Frank suggested we have a hard coded mapping list for standare charset names (eg: iso8859-1, SJIS, ...) and only load the properties file we have a charset that is not in that list.
bstell - thanks for looking at this. I agree and understand. However, I believe you (or erik?) have obsoleted the .properties file on most platforms - certainly on Linux - and it is in fact not being loaded. There is some new logic in place where the default charset value is derived from the results received from couple of system API calls. My assumption was that this is performant enough (it's below the timer resolution) and does not need to be circumvented by a hard-coded list. The only measurable performance impact is caused by an attempt to load an non-existent .properties file. For what I've understood the string bundle is not required and not packaged on most *nix platforms. I could extend the existing code by a hard-coded list, but I'd not like to. It's less than transparent as it is and I'm not sure whether that would be the most intelligent way to address this.
it is being used
I did not see it being used in my debug Linux build. Instead Mozilla tried to load unixcharset.Linux.properties. Also when is "ConvertLocaleToCharsetUsingDeprecatedConfig" being used? Do we need to worry about it at all?
>+ if (OSARCH!="Linux") no, we should not have this kind of code.
I'll profile this on my home machine again - on my slow Suse 7.1 machine at work the only file access was to a non-existent unixcharset.Linux.properties which consumed 15 ms to return a failure and no further file access was necessary. Bstell pointed out that this might not be the case for Linux versions, certainly not some older ones. However, if requesting a non-existed file takes less than 0.1% of startup time on Netscape supported Redhat versions, we should probably push this out and come up with a more comprehensive solution as discussed offline with bstell.
moving to M097 - new profiling data on another machine has shown that an attempt to load an non-existent string bundle carries an I/O penalty of ~15 ms which is ~0.3% if our startup time. Since it's below the 0.5% threshold it's not as critical, but we should still fix it.
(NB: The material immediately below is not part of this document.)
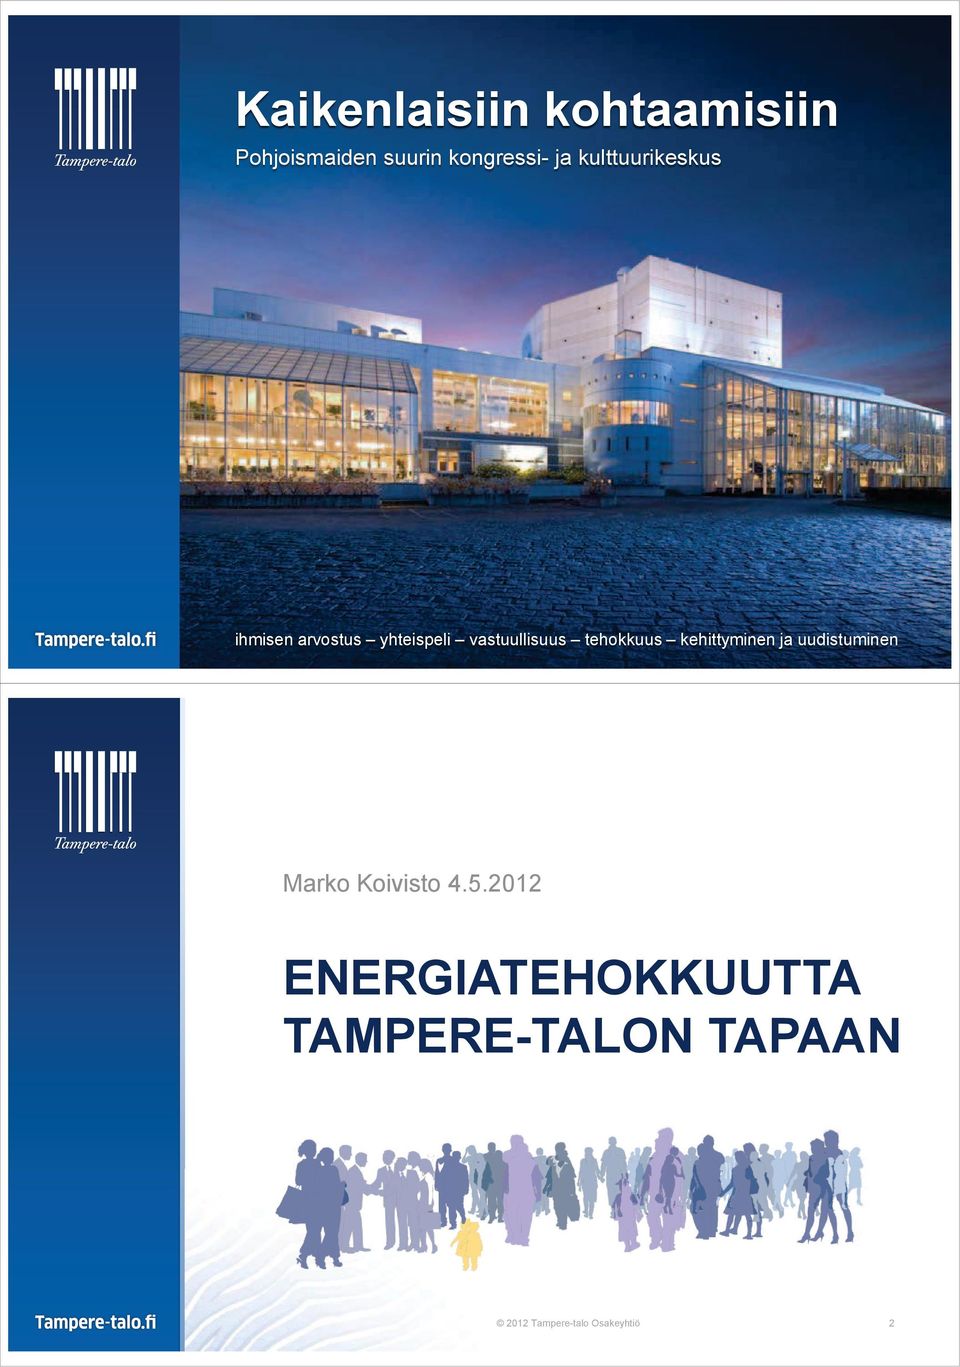 Tampere-talo tehokkuus Osakeyhtiö kehittyminen ja uudistuminen 1 Marko

Target Milestone: mozilla0.9.6 → mozilla0.9.7
jbetak's contract is up. Bulk move bugs to ftang
Assignee: jbetak → ftang
Status: ASSIGNED → NEW
Linux code. Give to shanjian. move to m0.9.8
Assignee: ftang → shanjian
Target Milestone: mozilla0.9.7 → mozilla0.9.8
brian, On Linux (and hopefully most other unix system), could we try to use the result returned by nl_langinfo(CODESET) before loading platform specific property file? I believe file "unixcharset.OSARCH.properties" is suppose to provide charset for unusual vendor specific charset names. We don't really need to overload some names. So it should be safe to change the trying order.
Status: NEW → ASSIGNED
The file is there to provide a point to correct wrong values *from* nl_langinfo(CODESET). Reversing the order of loading would defeat this. However, I do not know of any case where this is needed so the result of the change you propose is presently unknown. No one can say either "safe" or "unsafe". If I wanted to be safe I would add a pref to unix.js that disables the loading of the file and wait to see if anyone complains. If I was feeling brave I would just remove the code and wait to see if ' anyone complains.
Attached patch proposed patch (obsolete) — Splinter Review
Attachment #54738 - Attachment is obsolete: true
I rearrange the calling sequence. Now we try to use charset directly before anything else. I kept platform specific property file there to help resolve unknow charset name. Brian, I was feeling very brave and made this patch. If there is any complain after this change, we can always reconsider it in future. Could you review?
>The file is there to provide a point to correct wrong values *from* >nl_langinfo(CODESET). > >Reversing the order of loading would defeat this. > >However, I do not know of any case where this is needed ok. so... here is what I understand: 1. we add the loading of that file because we afraid that we may need to correct the return value of nl_langinfo(CODESET) 2. we don't know any one do such wrong thing yet. So... my suggestion is we remove such procedure for now untill we find out we need it. We should not take performance hit for something we are not sure we need. We should only consider take such hit when we are sure that we NEED it.
frank, I believe that there is 2 purpose for the existence of that property file: 1) if the return value of nl_langinfo(CODESET) is incorrect, we can override it. 2) if the return value of nl_langinfo(CODESET) is not found in charset alias file, we can put it here. To achieve purpose 1, we have to load and check this property file first. For above mentioned reason, we can call it after we failed to use it directly. That way we still can achieve 2nd goal.
2) probably won't cause startup performance 1) will and we should consider remove 1)
frank, could you put r= there if you don't have objection to my approach?
Brendan, could you sr?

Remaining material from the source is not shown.